CASE NO. 591

Heard at Montreal, Tuesday, February 8 , 1977






Claim of Locomotive Engineer S. Shpeller, Winnipeg, for payment of additional 20 miles, July 16, 1975.


Unassigned Locomotive Engineer S. Shpeller, completed his tour of duty and went off duty at his away-from-home terminal of Rivers at 2115 hours, July 15, 1975. He subsequently deadheaded from Rivers to Symington on Train 304, July 16th, reporting for duty at 1355 hours and departed at 1530 hours, arriving at 1815 hours, and went off duty 1935 hours.

For this deadhead trip, which consumed a total of 5 hours and 40 minutes, Locomotive Engineer Shpeller claimed and was paid 150 miles. In addition, he claimed held-away-from-home-terminal time until 1530 hours July 16th. The Company allowed payment until 1355 hours. A grievance was submitted for payment of the 1 hour and 35 minutes, or 20 miles, reduction made by the Company.

The grievance has been declined and the Brotherhood contends that in refusing to make payment Paragraph 74.1, Article 74, of Agreement 1.2 has been violated by the Company.



General Chairman Assistant Vice-President Labour Relations

There appeared on behalf of the Company.

A. J. DelTorto – System Labour Relations Officer, Montreal

R. Birch – System Labour Relations Officer, Montreal

T. H. Randles – Trainmaster, Winnipeg

And on behalf of the Brotherhood:

A. J. Speare – General Chairman, Edmonton



The grievor’s claim in respect of the deadhead trip was paid. The claim now before me is for time held away from home terminal. That claim was paid in part, that is, in respect of the period ending at 1355 hours on July 16, when the grievor reported.

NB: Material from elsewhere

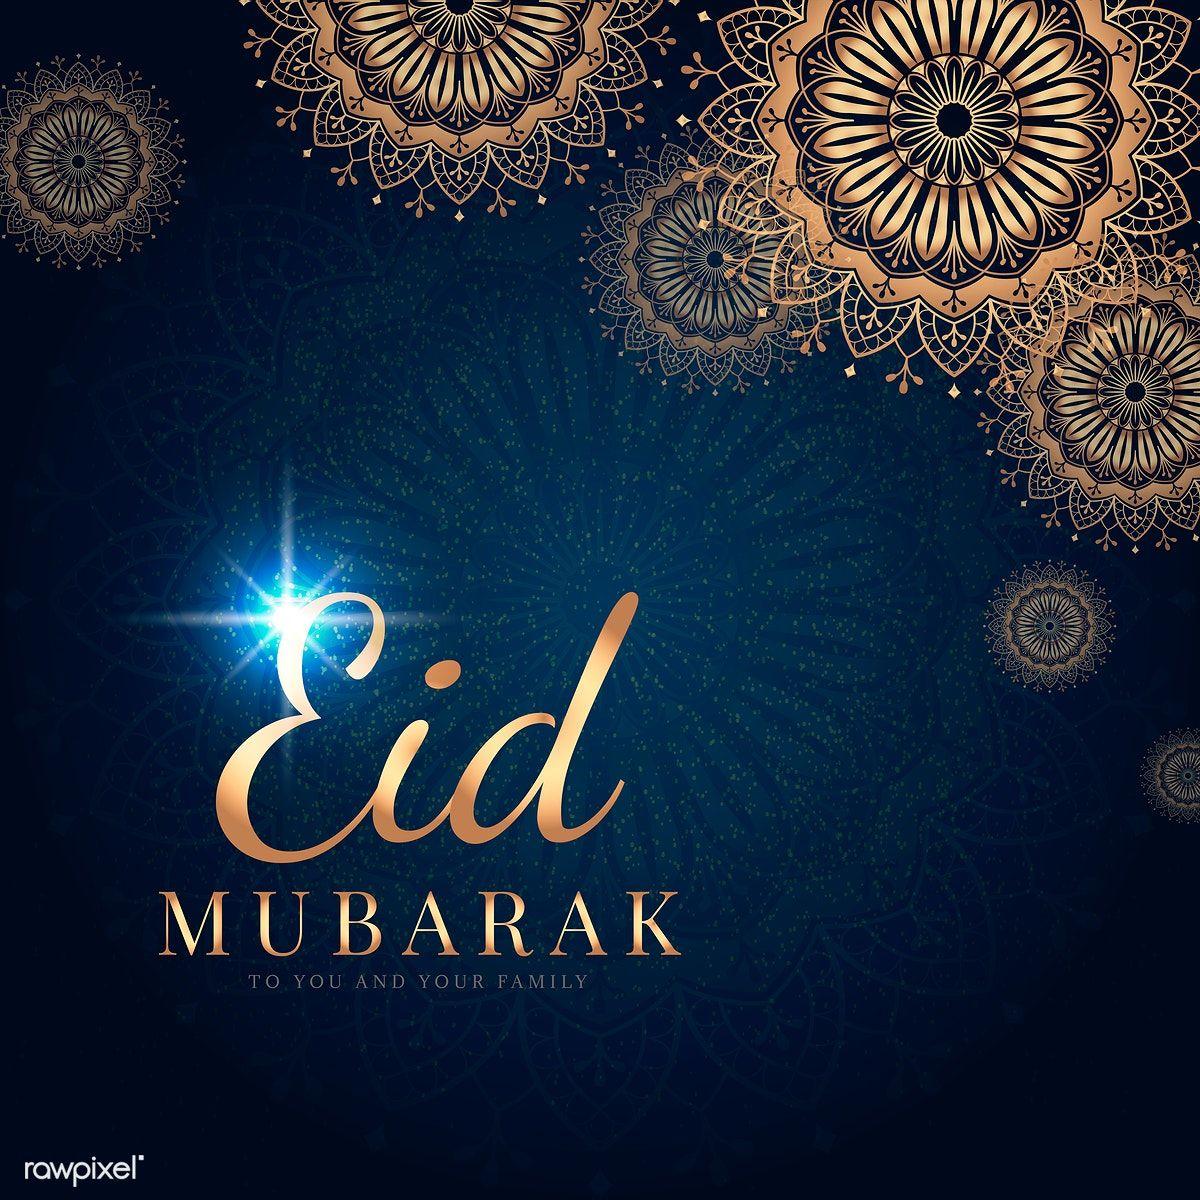 Download Premium Vector Of Eid Mubarak Card With Mandala Pattern Eid Mubarak Card Eid Mubarak Images Eid Mubarak Wishes Images

He now seeks to be paid the balance of this claim, that is, in respect of the period ending at 1530 hours on July 1 when his train departed.

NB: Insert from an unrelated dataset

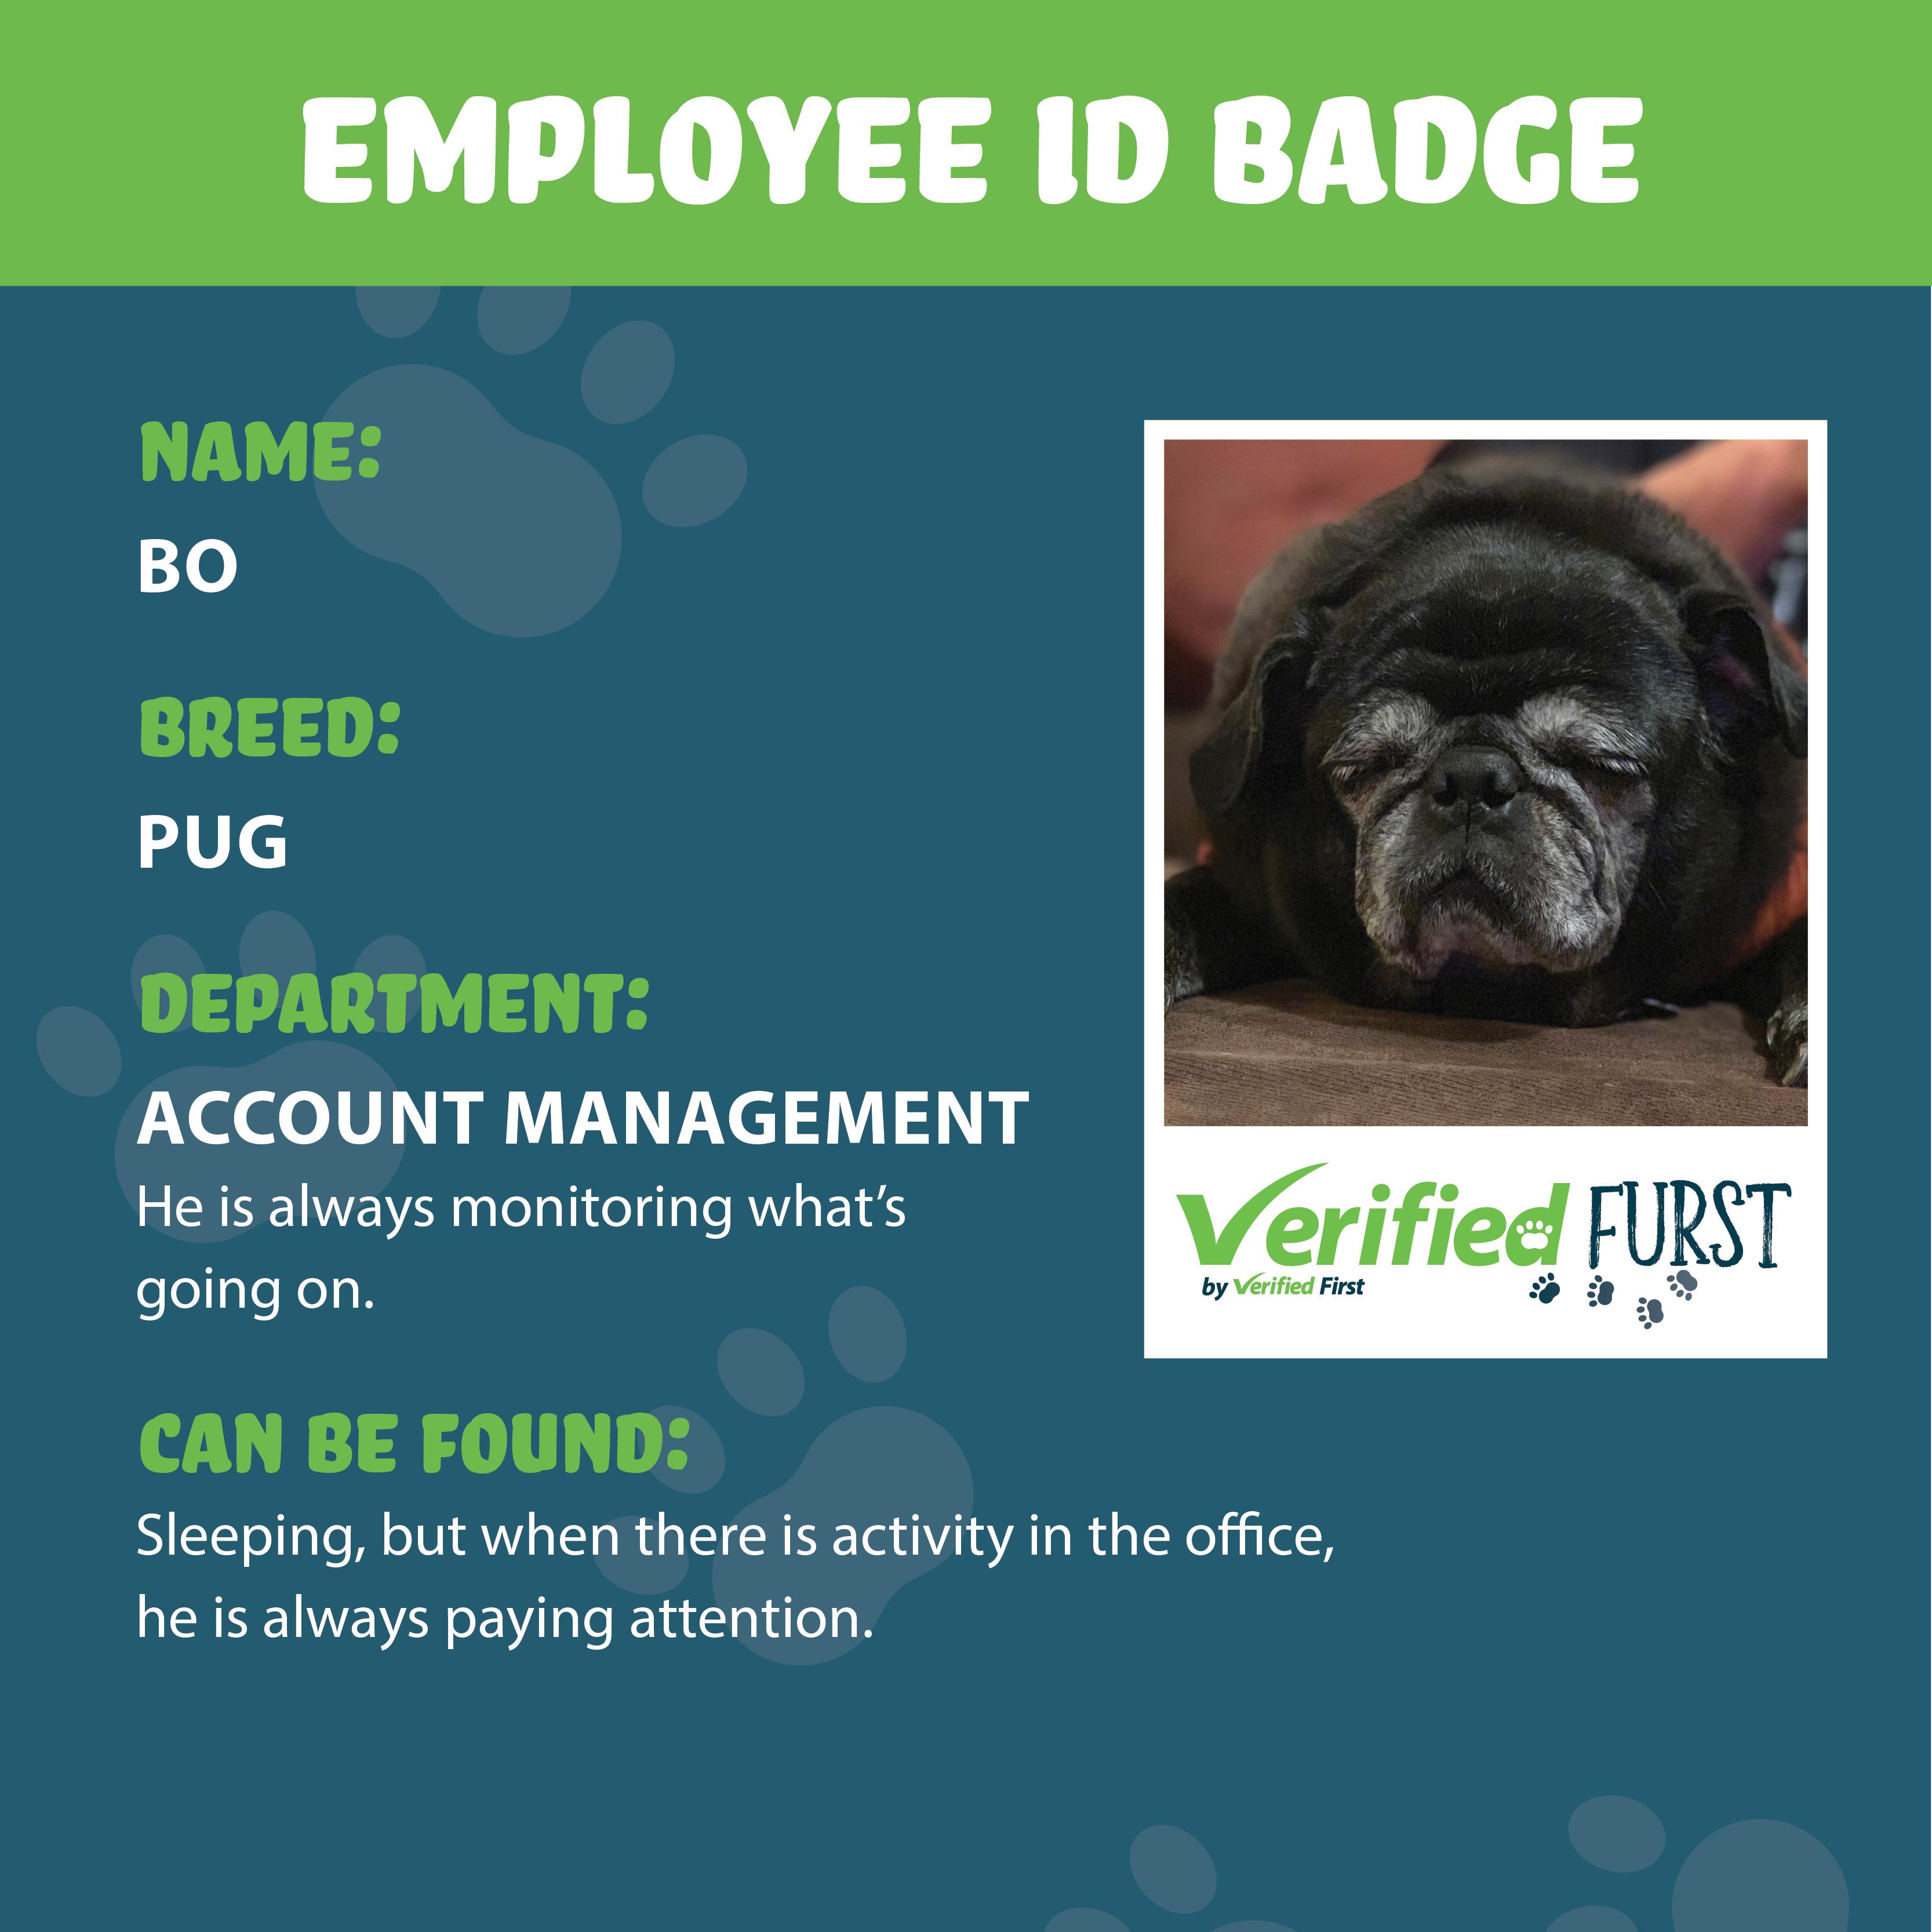 VerifiedFurst_Bo-Pug

Article 74.1 provides as follows:

74.1 Except in cases of wrecks, snow blockades or washouts preventing locomotive engineers being returned to their home terminal, unassigned men held longer than 16 hours without being called for duty will be paid minimum passenger rates on the basis of 12.5 miles per hour for all time held in excess of 16 hours. Time to be computed from the time pay ceases on the incoming trip until the time pay commences on the next outgoing trip. The rerouting of locomotive engineers in order to return them to their home terminals shall not involve the payment of run-arounds. Time to be submitted on a separate time return.

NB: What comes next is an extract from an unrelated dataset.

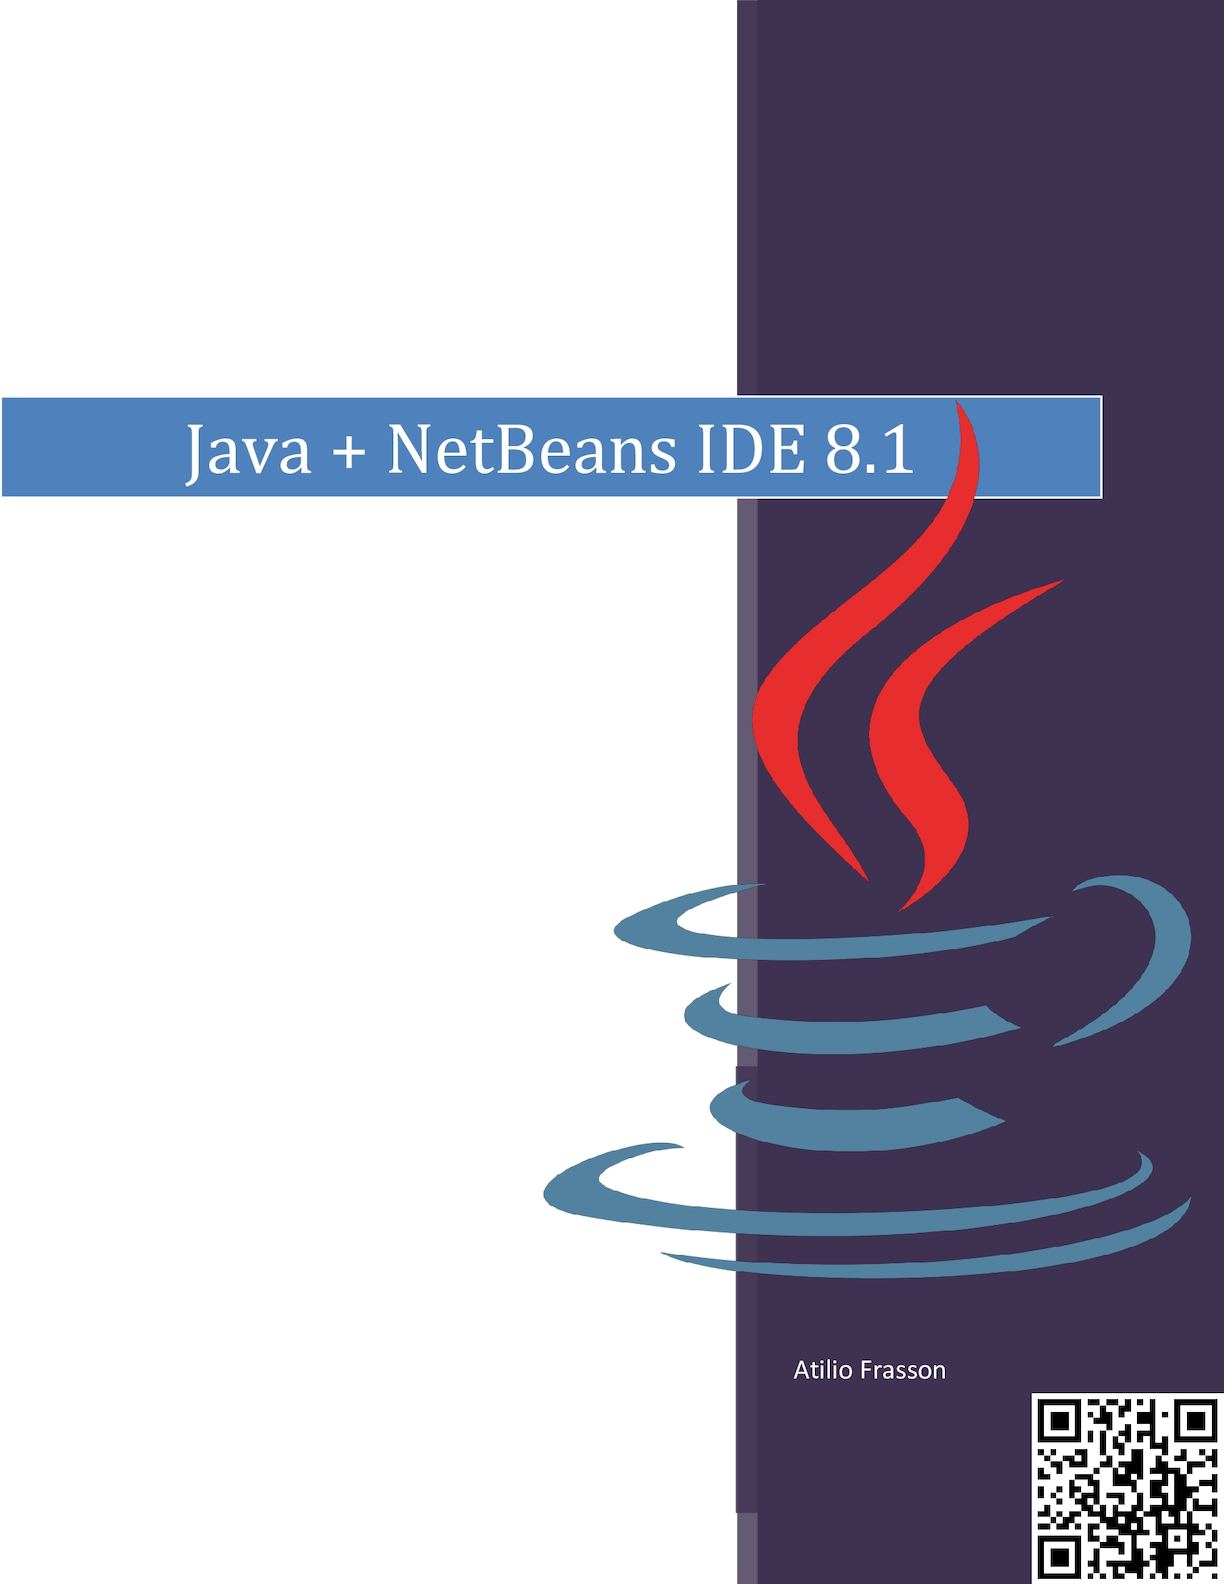 Calaméo - Java + NetBeans IDE 8.1

It is common ground that the grievor was held away from home in excess of 16 hours and that he was entitled to payment under this article. The time in respect of which such payment is made is to be computed "from the time pay ceases on the incoming trip until the time pay commences on the next outgoing trip". In his time return, the grievor showed a total layover of eighteen hours and fifteen minutes, from the time he went off duty on the 15th until the time his train departed on the 16th.

There seems no doubt that the grievor’s pay ceased on the 15th at the time he went off duty. The Company’s position is that pay commenced on the 16th when he reported for duty. The Union’s position is that pay commenced on the 16th when his train departed. In his claim for payment for his deadhead trip on July 16, the grievor showed his "total time on duty" as five hours and forty minutes, that is he included the entire period from the time he reported for duty (at 1355) until he went off duty (at 1935). He then claimed payment for 150 miles and this claim, as I have noted, was paid.

The issue, then, appears to be whether pay "commenced" for the grievor at 1355 or at 1530, with respect to the outgoing trip. This trip was a deadhead trip, and the grievor was entitled to payment therefor pursuant to Article 61.2, which is as follows:

61.2 Deadheading paid separately from service will be computed on the basis of miles or hours whichever is the greater, with a minimum of 100 miles, overtime pro rata, at the minimum rate applicable to the train on which the locomotive engineer travels.

It would appear that in this case payment on a mileage basis was greater than payment on the basis of hours. If the mileage had been short but the hours sufficiently long that the 100 mile guarantee was met, could the grievor properly have included in his claim for hours the period from the time he went on duty until the time his train left? It is my view that he could so claim, and that his pay would, accordingly, have "commenced" when he reported for duty. By the same token, in the circumstances of this case, where the grievor claims miles rather than hours, it is because the mileage basis of calculation is to his advantage by comparison with a calculation based on the hours on duty. It is not fair to say that pay only "commences" when he actually begins to travel over the mileage in question. By that time, a claim had already accrued which, in some circumstances, it might be to his advantage to make.

In fact, the grievor was entitled to claim pay from the time he went on duty even although, in the circumstances, it was to his advantage to make his claim on a mileage basis. Pay had, in my view, "commenced" for the grievor when he reported for duty. He was not entitled to claim for time held away from home in respect of the same period, and his claim was properly reduced. There has, therefore, been no violation of the collective agreement, and the grievance must be dismissed.